The vehicle control plates gave counts of revertant colonies within the normal range. All of the positive control chemicals used in the test induced marked increases in the frequency of revertant colonies, both with or without metabolic activation. Thus, the sensitivity of the assay and the efficacy of the S9-mix were validated.

 

In the range-finding test, the test material caused no visible reduction in the growth of the bacterial background lawn at any dose level. However, in the main test, the test material caused a visible reduction in the growth of the bacterial background lawn to all of the tester strains initially at and above 1500 and 150 μg/plate, with and without S9-mix, respectively.
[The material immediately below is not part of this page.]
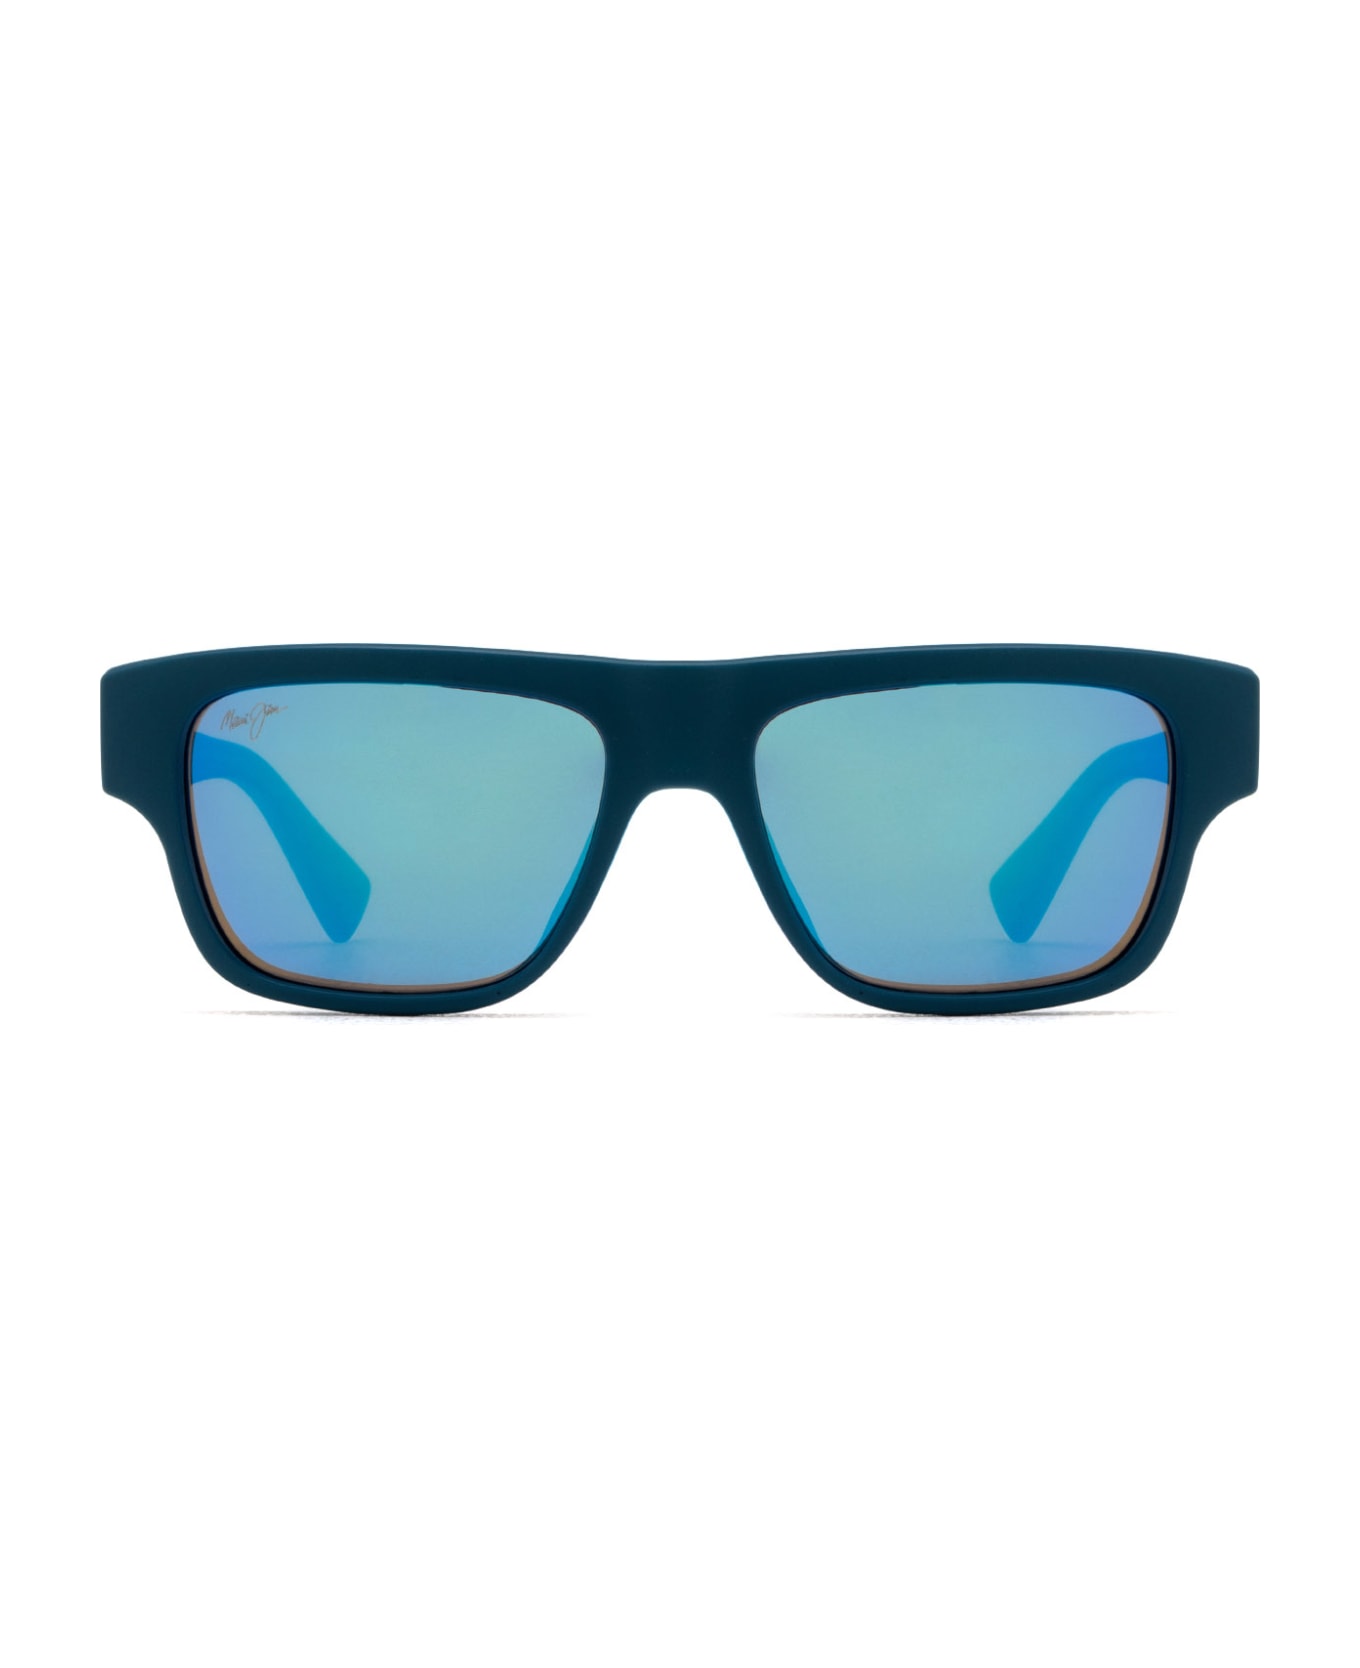 Maui Jim Mj638 Matte Petrol Blue Sunglasses - Matte Petrol Blue
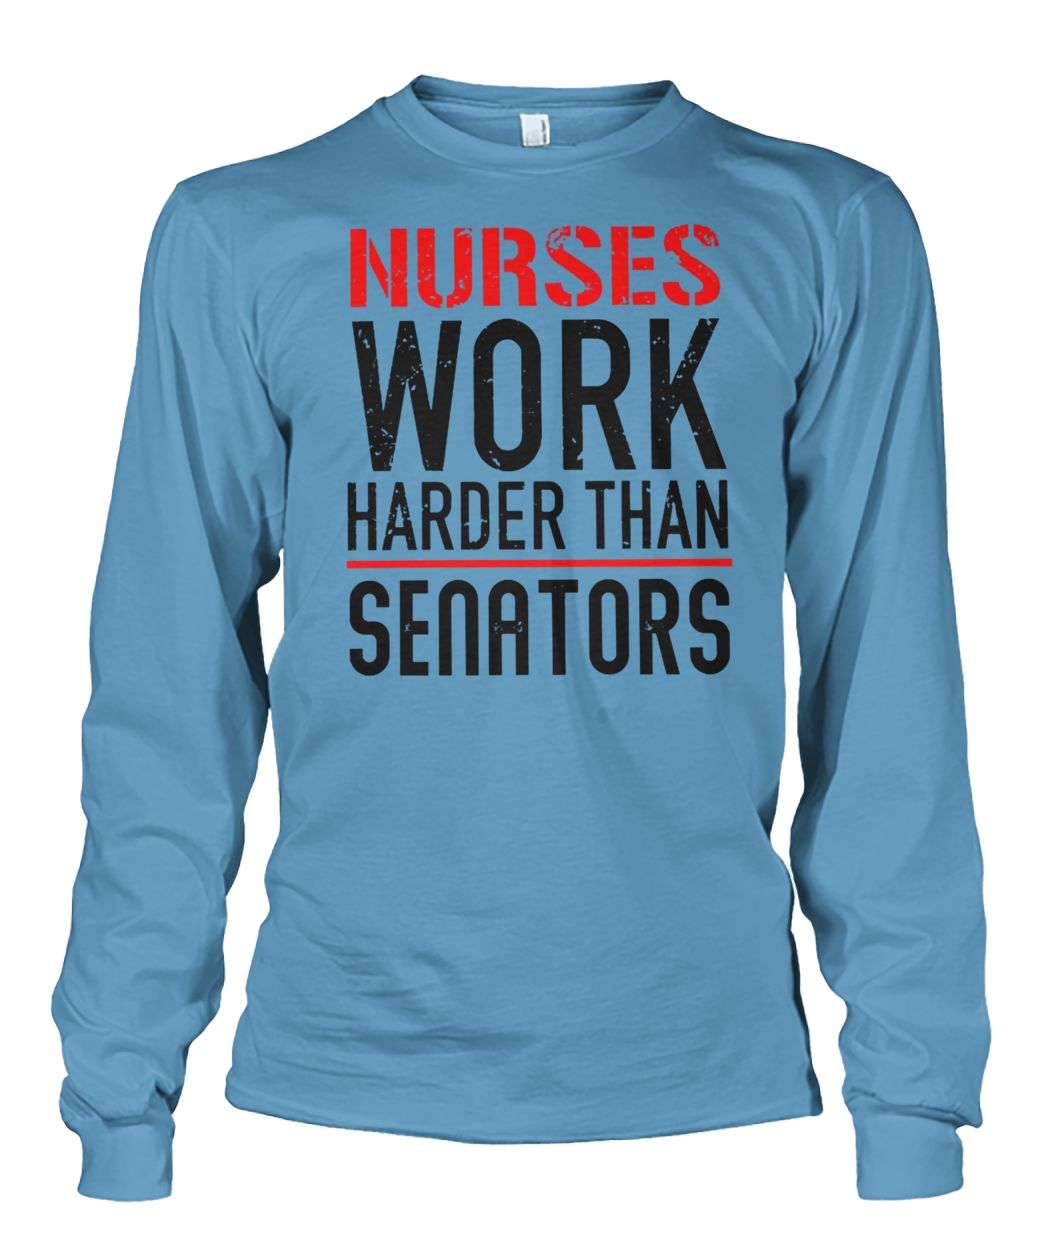 Nurses work harder than senators unisex long sleeve

A particulate precipitate was observed at 5000 μg/plate, this did not prevent the scoring of revertant colonies. No toxicologically significant increases in the frequency of revertant colonies were recorded for any of the bacterial strains, with any dose of the test material, either with or without metabolic activation or exposure method. A small but statistically significant increase in revertant colony frequency was observed in TA100, in the presence of S9, at and above 1500 μg/plate in the main test only. The increases observed were considered to be of no biological or toxicological relevance because in both cases, the bacterial background lawns were considered to be toxic.

 

Under the test condition, test material is not mutagenic with and without metabolic activation in S. typhimurium (strains TA1535, TA1537, TA98 and TA100) and E.coli WP2 uvrA- according to the criteria of the Annex VI of the Regulation (EC) No. 1272/2008 (CLP) and of the Directive 67/548/EEC.

This study is considered as acceptable and satisfies the requirement for reverse gene mutation endpoint.